Begin at the line that contains "Anesthesiology expert Dr." and reproduce it along with every line after it to the end of the listing; skip any pictures.
== Source data
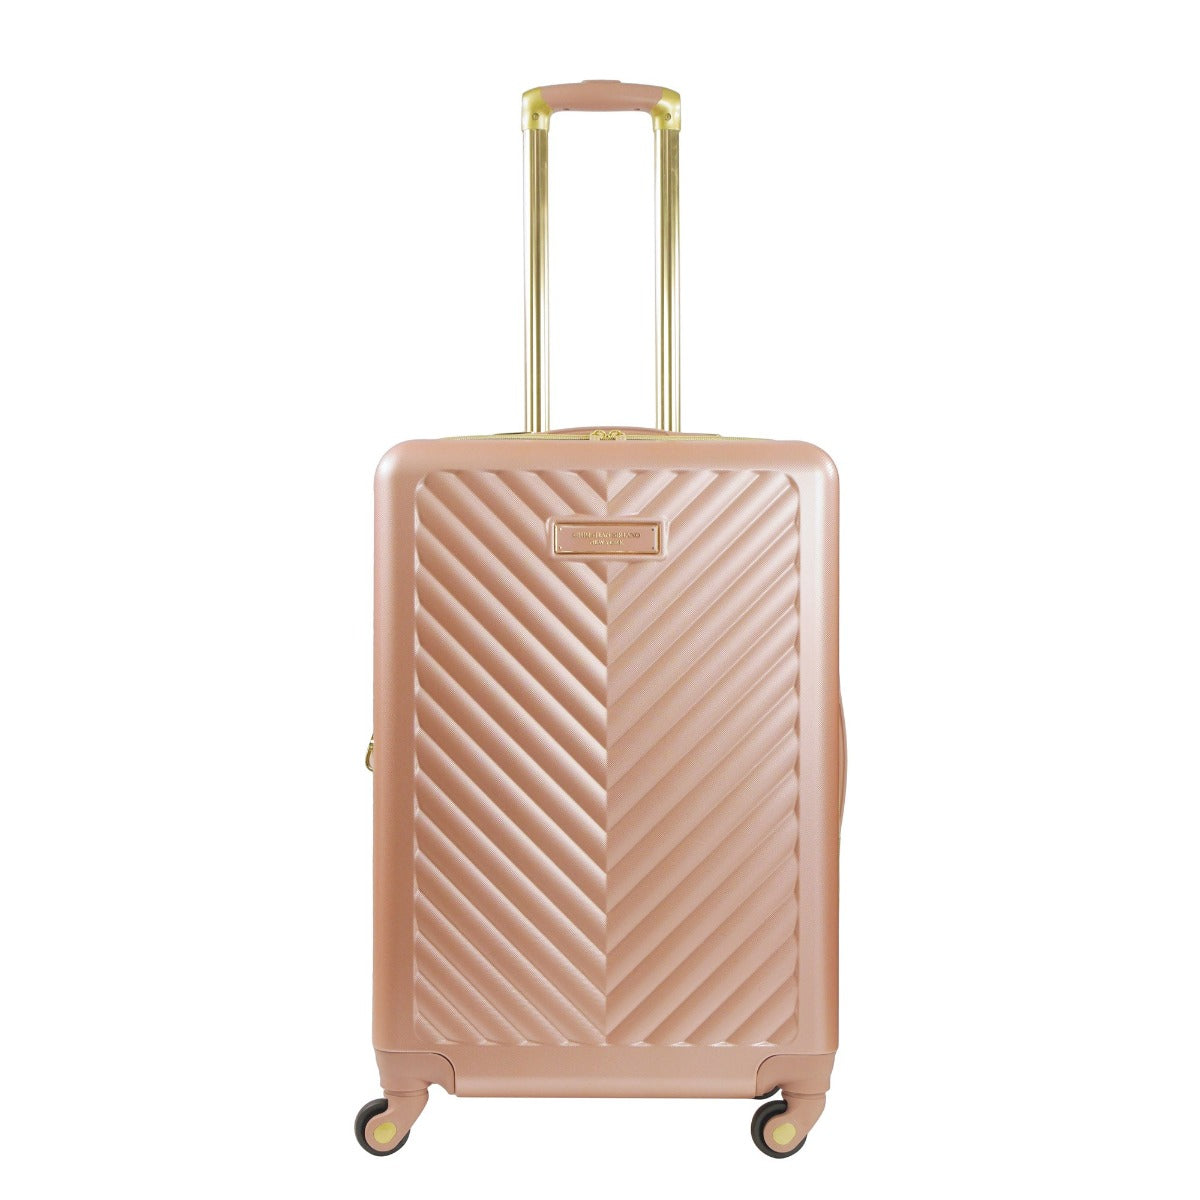 Christian Siriano Addie 25 inch luggage hardside spinner suitcase rose gold - best checked suitcases
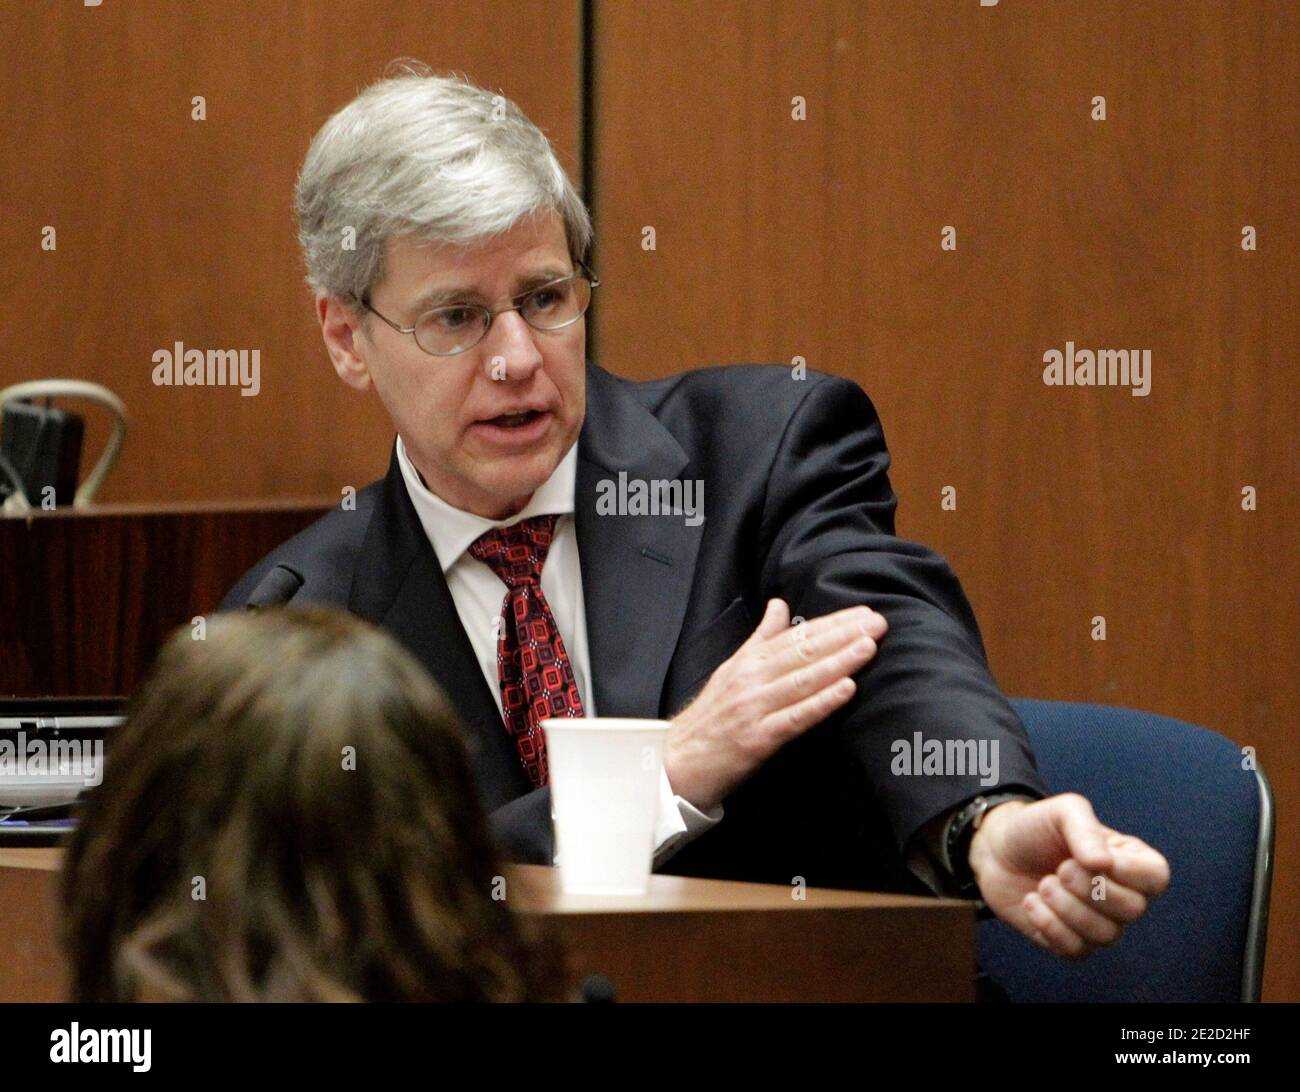 Anesthesiology expert Dr. Steven Shafer testifies during Dr. Conrad Murray's involuntary manslaughter trial in Los Angeles on October 20, 2011. Murray has pleaded not guilty and faces four years in prison and the loss of his medical license if convicted of involuntary manslaughter in Michael Jackson's death. Photo by Reed Saxon/Pool/ABACAPRESS.COM Stock Photo
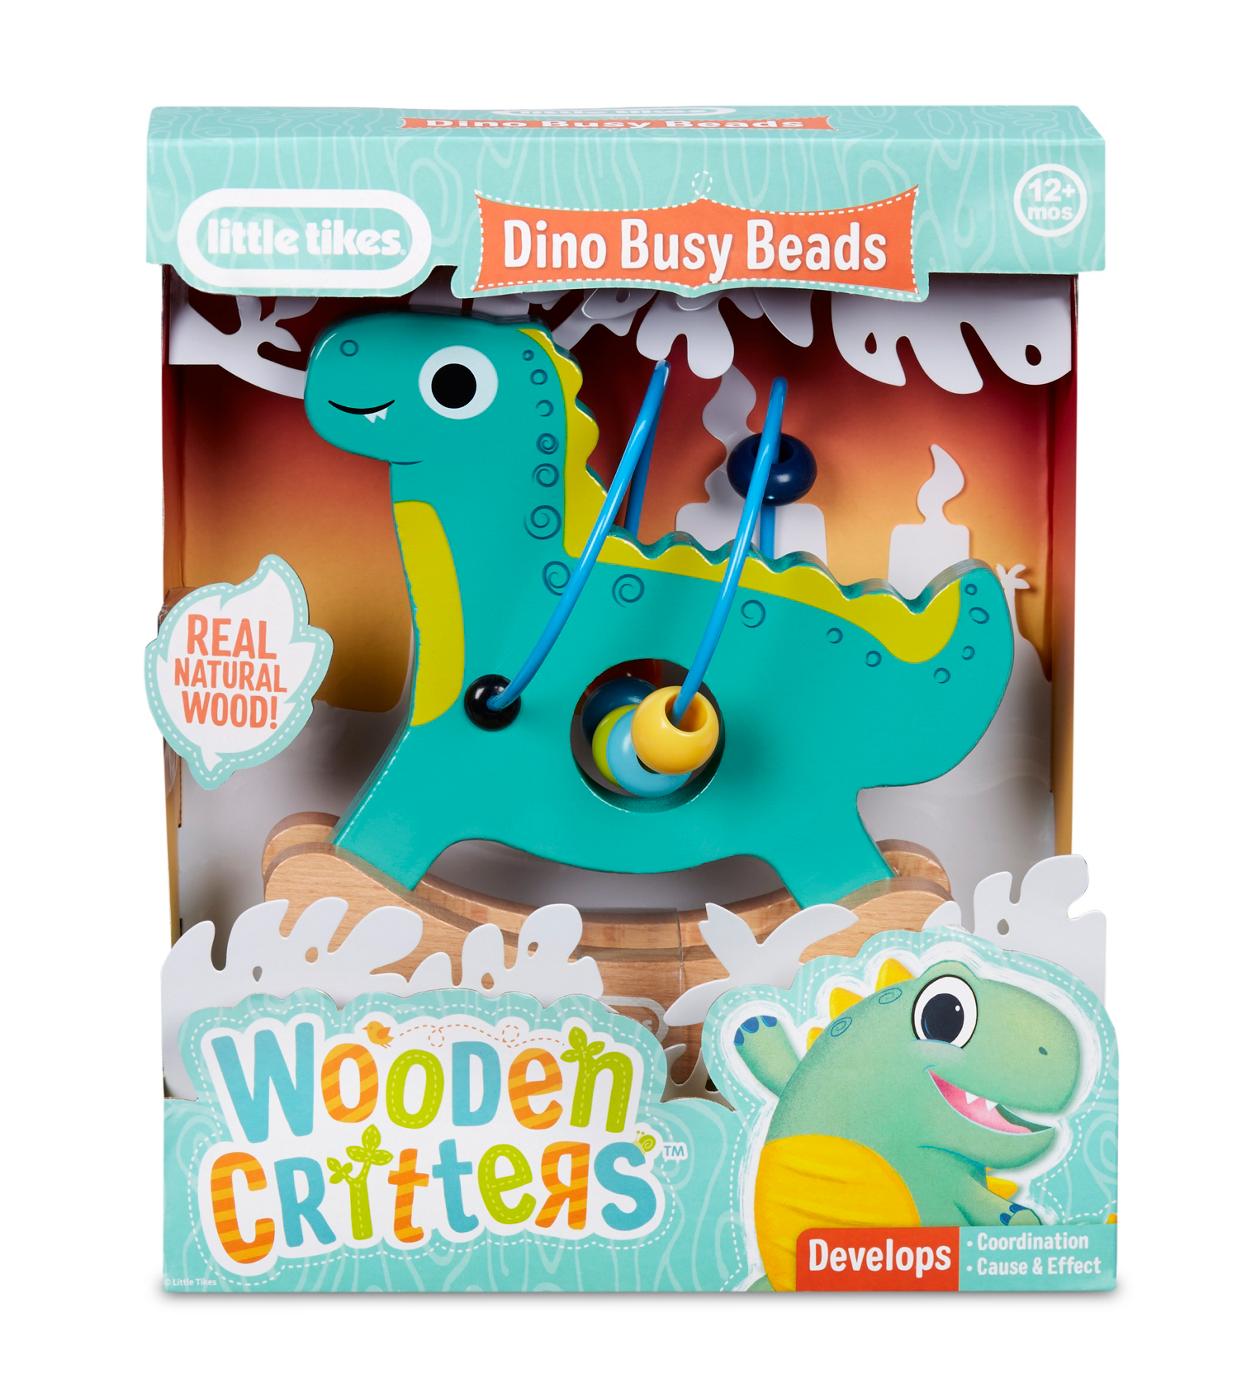 Little Tikes Wooden Critters Busy Beads, Assorted; image 2 of 3
====
--- Reply ---
 Anesthesiology expert Dr. Steven Shafer testifies during Dr. Conrad Murray's involuntary manslaughter trial in Los Angeles on October 20, 2011. Murray has pleaded not guilty and faces four years in prison and the loss of his medical license if convicted of involuntary manslaughter in Michael Jackson's death. Photo by Reed Saxon/Pool/ABACAPRESS.COM Stock Photo
 Little Tikes Wooden Critters Busy Beads, Assorted; image 2 of 3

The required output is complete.